Но эти училки тупые. И тупые, и ограниченные. И еще злые. То и дело какая-нибудь из них заявляет, что Глеба надо перевести в спецшколу для детей с особенностями.
3
Зато кабинет у нас преотличный. Кабинет физики, как-никак. Хранит в своих шкафах столько любопытного! Прибор для ловли нейтрино, антигравитационную подставку, усилитель поверхностного натяжения жидкости (включишь — и на воду можно кошку положить), плохо закрывающийся фанерный ящик с крошечными непослушными роботами, гипсовую говорящую голову — погодный предсказатель и даже радиотелефон весом в пять килограмм, такие носит в карманах охрана руководителей СССР, и еще много всего.
Но компьютерный класс в школе никак не поставят. Нет денег. Неужели он такой дорогой? Хотя тут я, наверное, загнул. Государство заботится о нас, и чересчур от него требовать нельзя. Может, на космонавтику все средства уходят.
Артем и Глеб учатся в параллельных классах, и закрепленные за ними кабинеты другие. У Артема — кабинет математики, у Глеба — истории.
Скукотища. Не повезло им.
Ниже гардероба, уже точно в подвале — бомбоубежище на случай войны с капиталистами. Стальные двери и закрытые кожухами устройства для очистки отравленного воздуха. Вдоль стен — узкие металлические лавки, а на стенах — рисунки. Напоминания, как эвакуироваться, надевать противогаз и прятаться под обломками стен.
Живые, кстати, рисунки. Движущиеся. Реагируют на пришедших, начинают делать то, зачем их рисовали — возиться с противогазами, собирать-разбирать автоматы и сигать в окопы.

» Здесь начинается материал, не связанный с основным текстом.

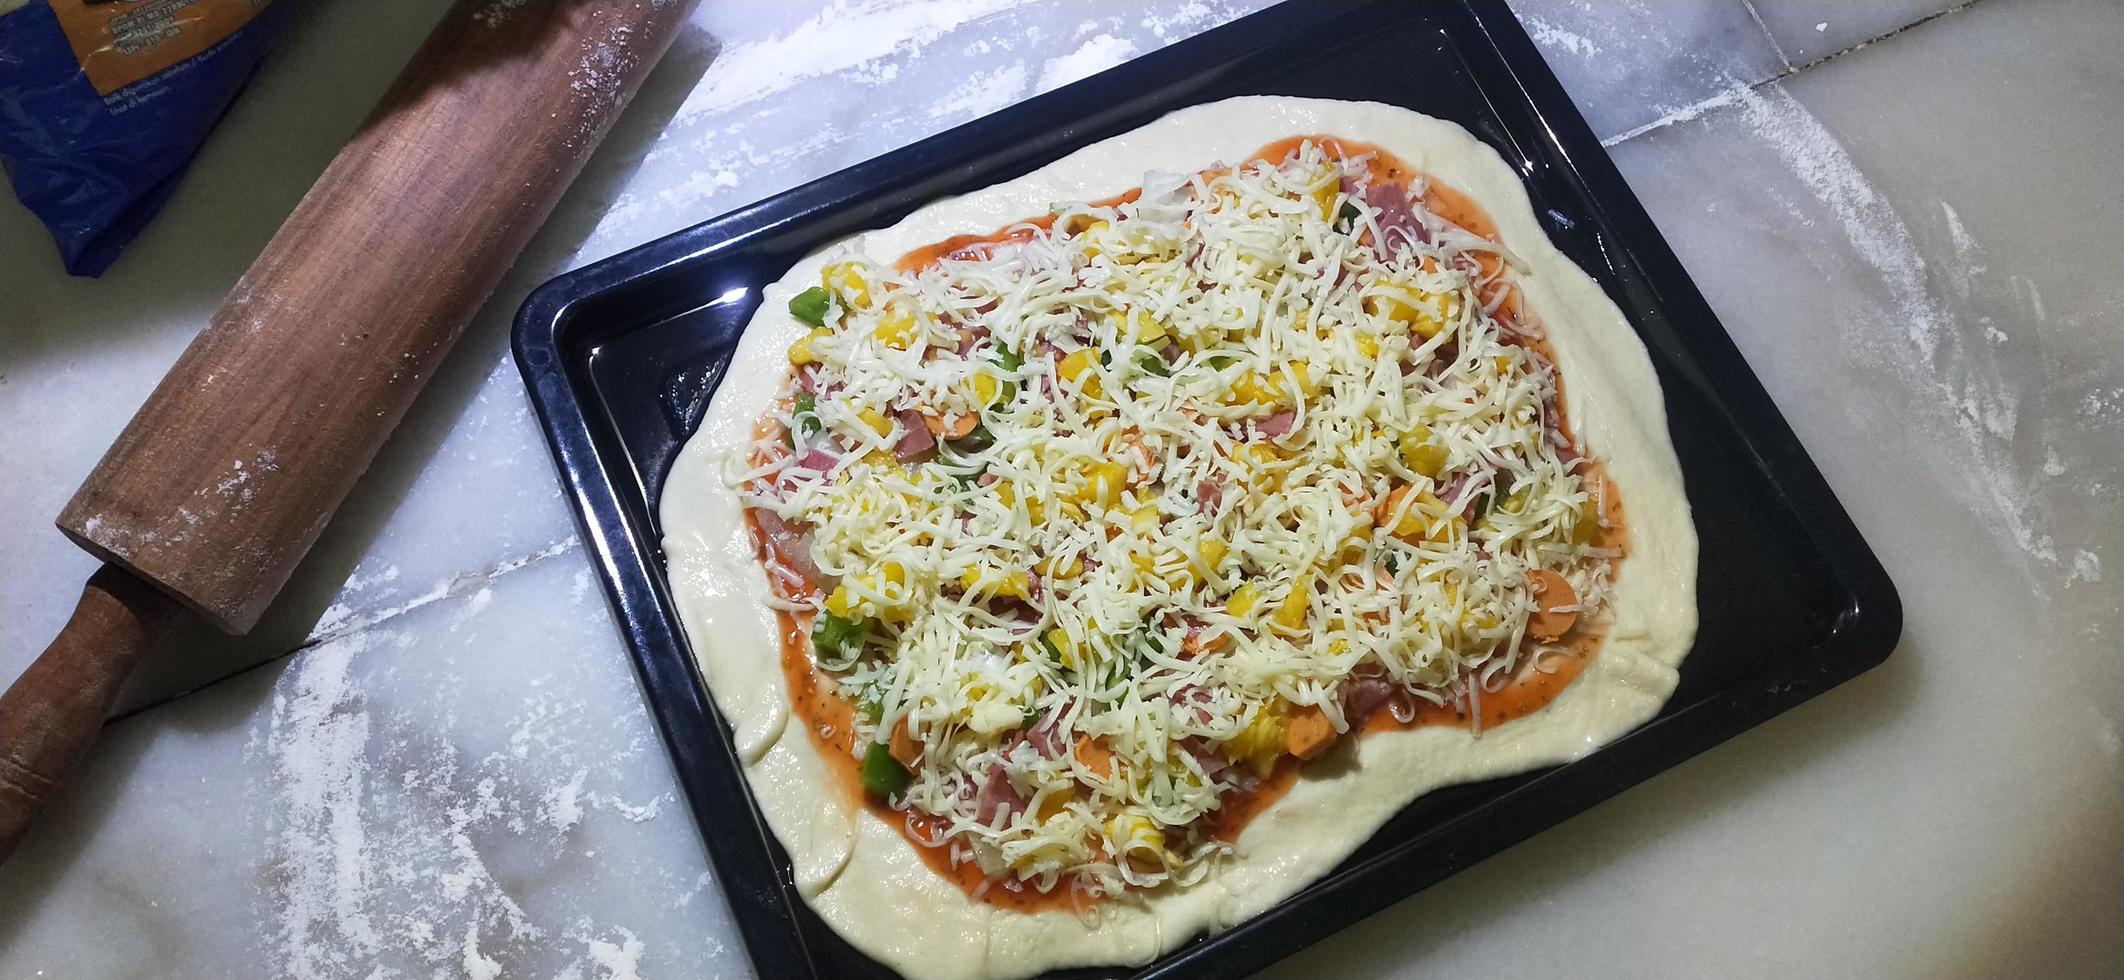 hemlagad pizza-stil pizzadeg foto

Эти рисунки производят на нашем заводе в отдельном цеху. Технология схожа с памятниковой, но отличается, потому что рисунки плоские, а памятники выпуклые. Ну и схватить рисунки никого не смогут, даже если постараются, поэтому тетя Маша их на себе не испытывает.
4
Библиотека — на третьем этаже. Она величиной сразу в несколько кабинетов и с очень высоким потолком. Большая, светлая и воздушная. Светловоздушная! Столы широко расставлены, на стенах портреты классиков русской литературы развешены. Толстой, Некрасов, Крылов, Достоевский… а нет, с Достоевским история приключилась. Вместо него ошибочно повесили Родиона Раскольникова с топором. Огромный такой портретище и жуткий.
Прислали со склада немного не того, а висеть портрет обязан, положено по инструкции. Директор распереживался, ведь библиотека без физиономии Федора Михайловича — как кабинет географии без глобуса. Успокоился, только когда узнал, что почти все в школе считают этот портрет портретом именно Достоевского. Даже некоторые учителя, а про завхоза и говорить нечего. Молодой Достоевский, еще без бороды, но глаза уже яростные и пронзительные, настоящие глаза обитателя темных петербургских закоулков.
И ладно, сказал директор. Потом как-нибудь разберемся. Главное, чтоб внушал уважение к литературе, а кто он и по какую сторону бумажного листа существует, то есть писатель или персонаж, вопрос второй, да и вообще грань между ними весьма зыбкая.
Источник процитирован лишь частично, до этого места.